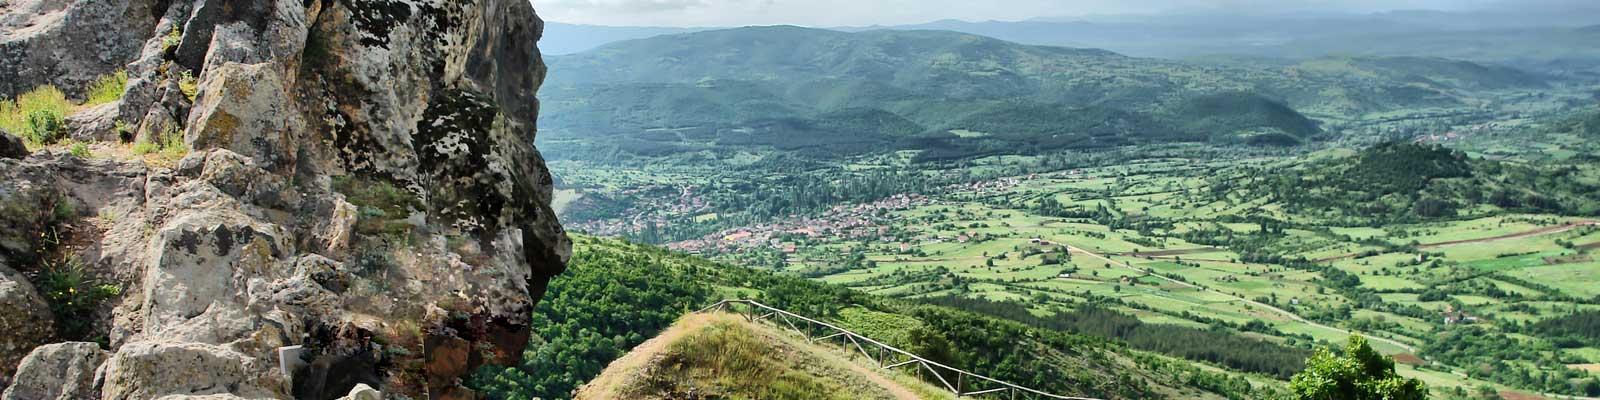 Panama Montanhas Verdes Compre, Venda. Vilas e Pousadas.
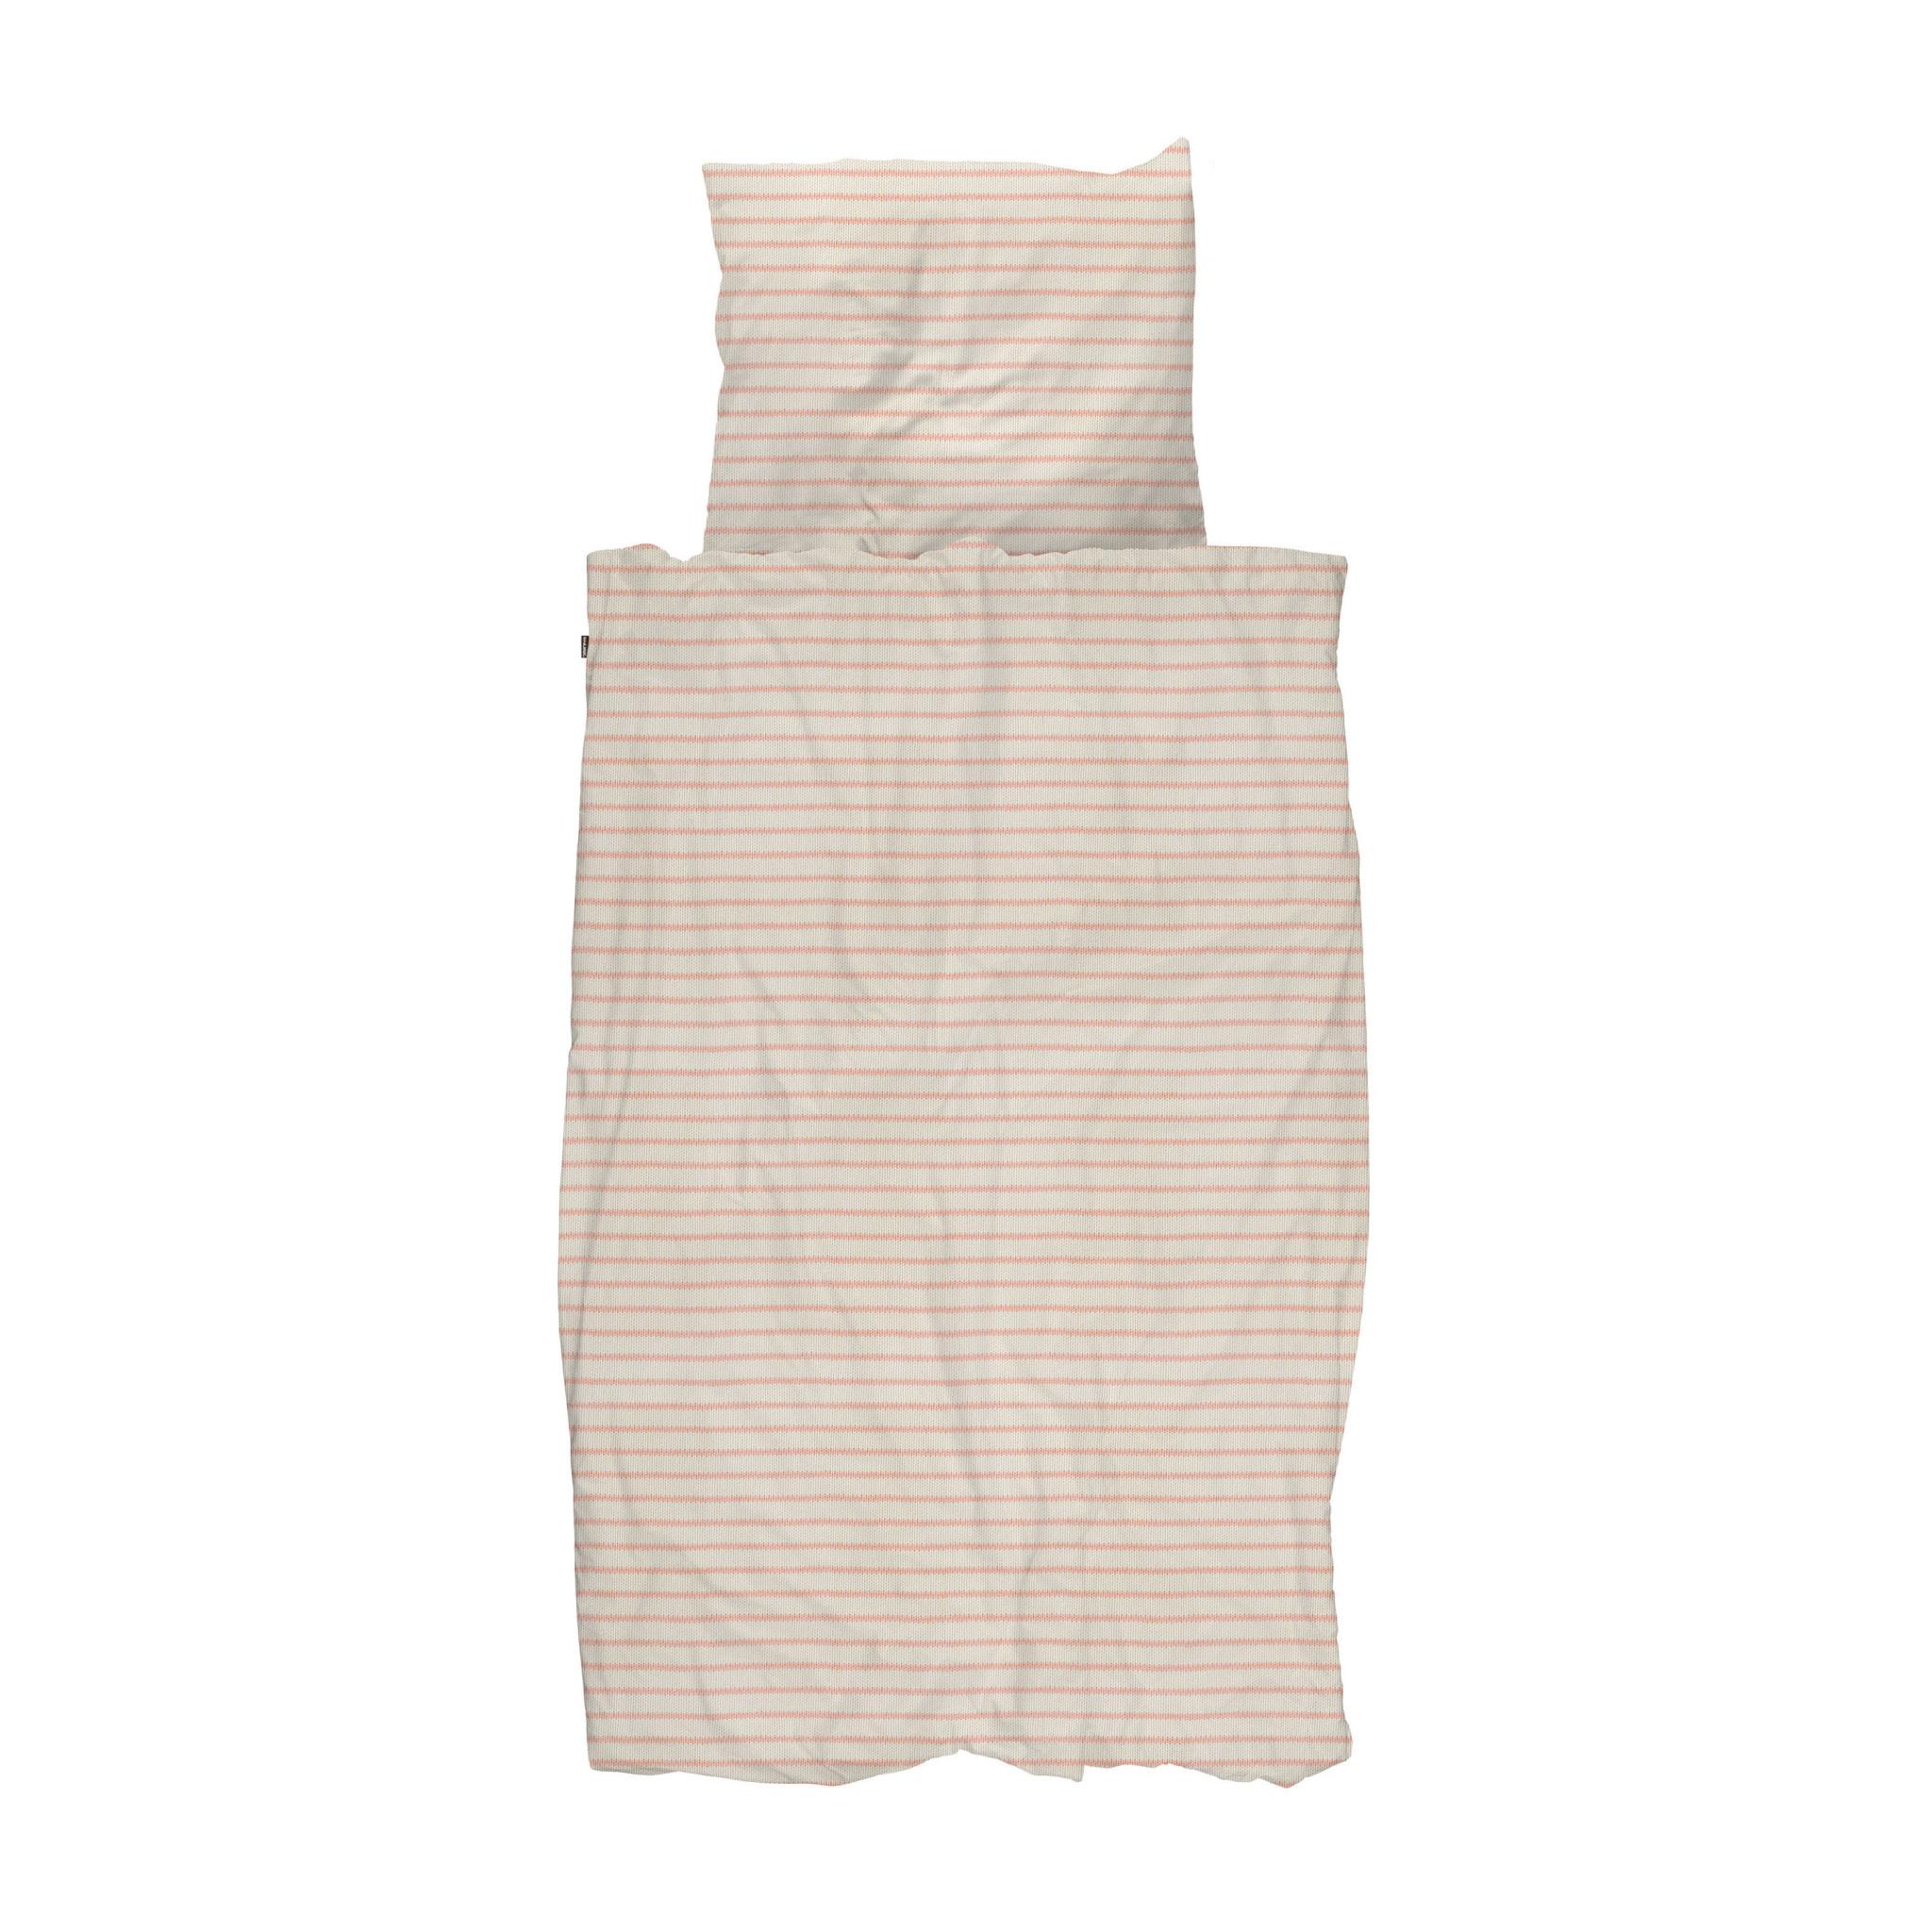 SNURK beddengoed Breton Bonsoir Pink dekbedovertrek 1p
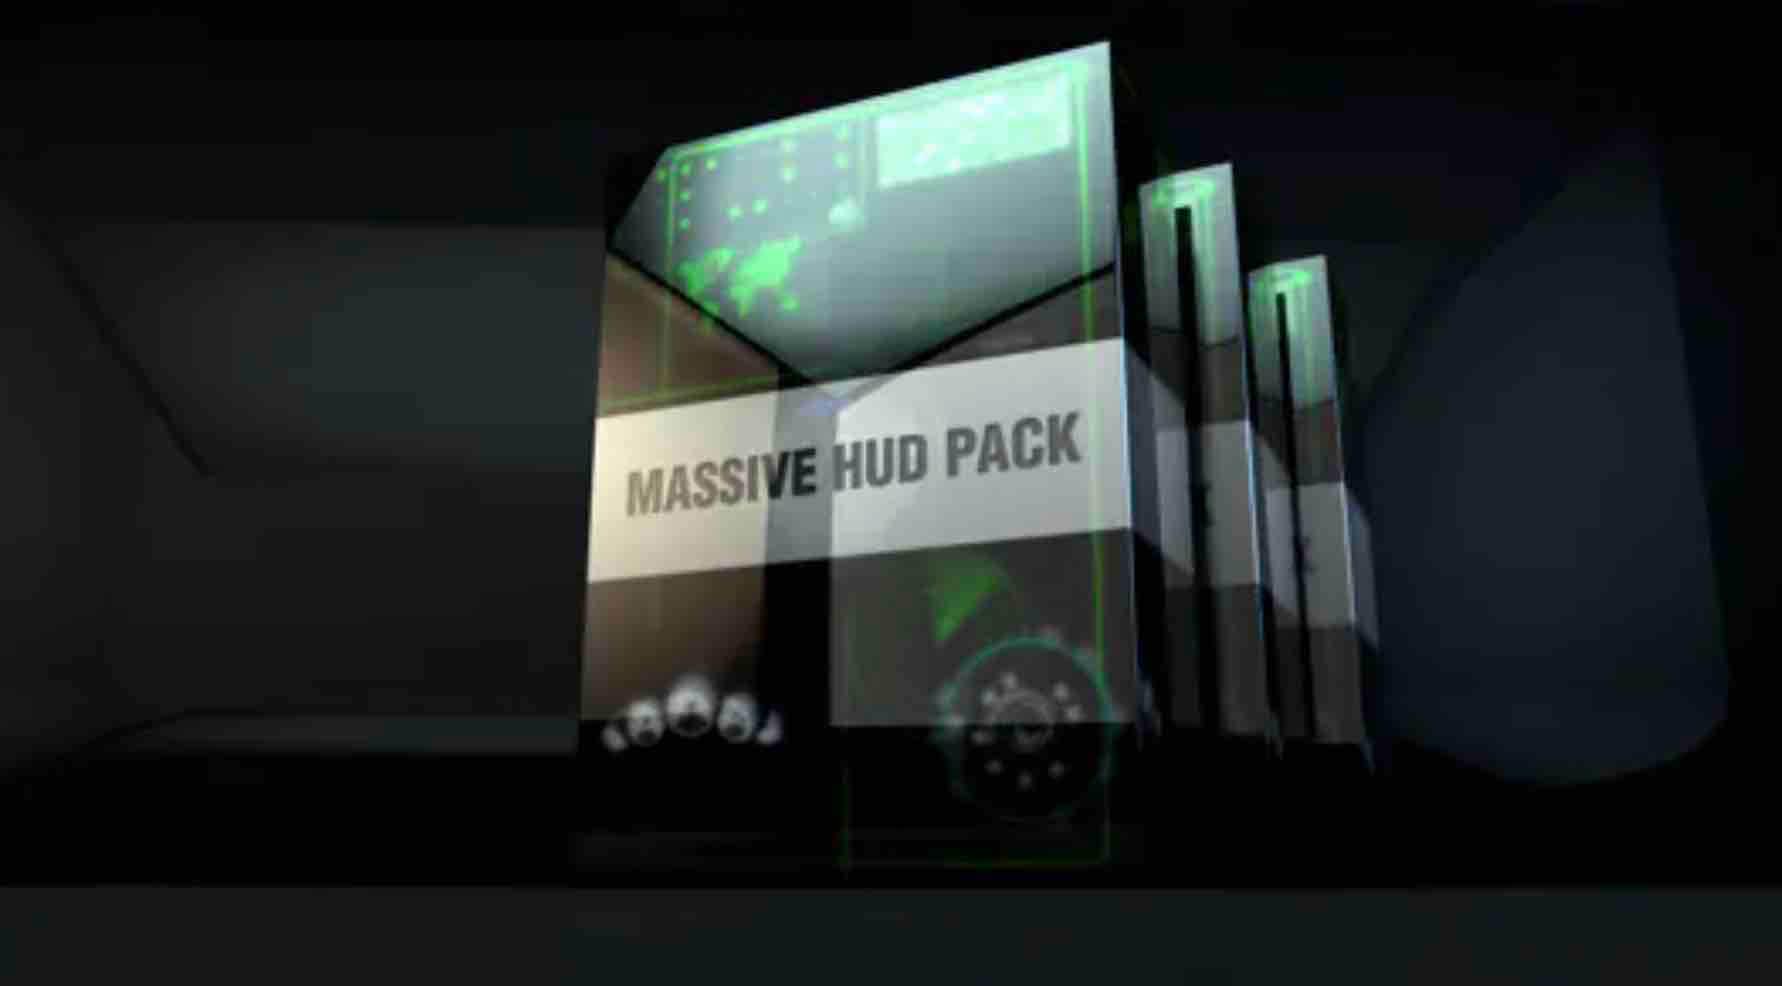 AE模板-大型Hud包

*-*-*

=== Your instructions ===
Output all of the data word for word, excluding any pictures.

=== Response to the task ===
 Panama Montanhas Verdes Compre, Venda. Vilas e Pousadas.
 SNURK beddengoed Breton Bonsoir Pink dekbedovertrek 1p
 AE模板-大型Hud包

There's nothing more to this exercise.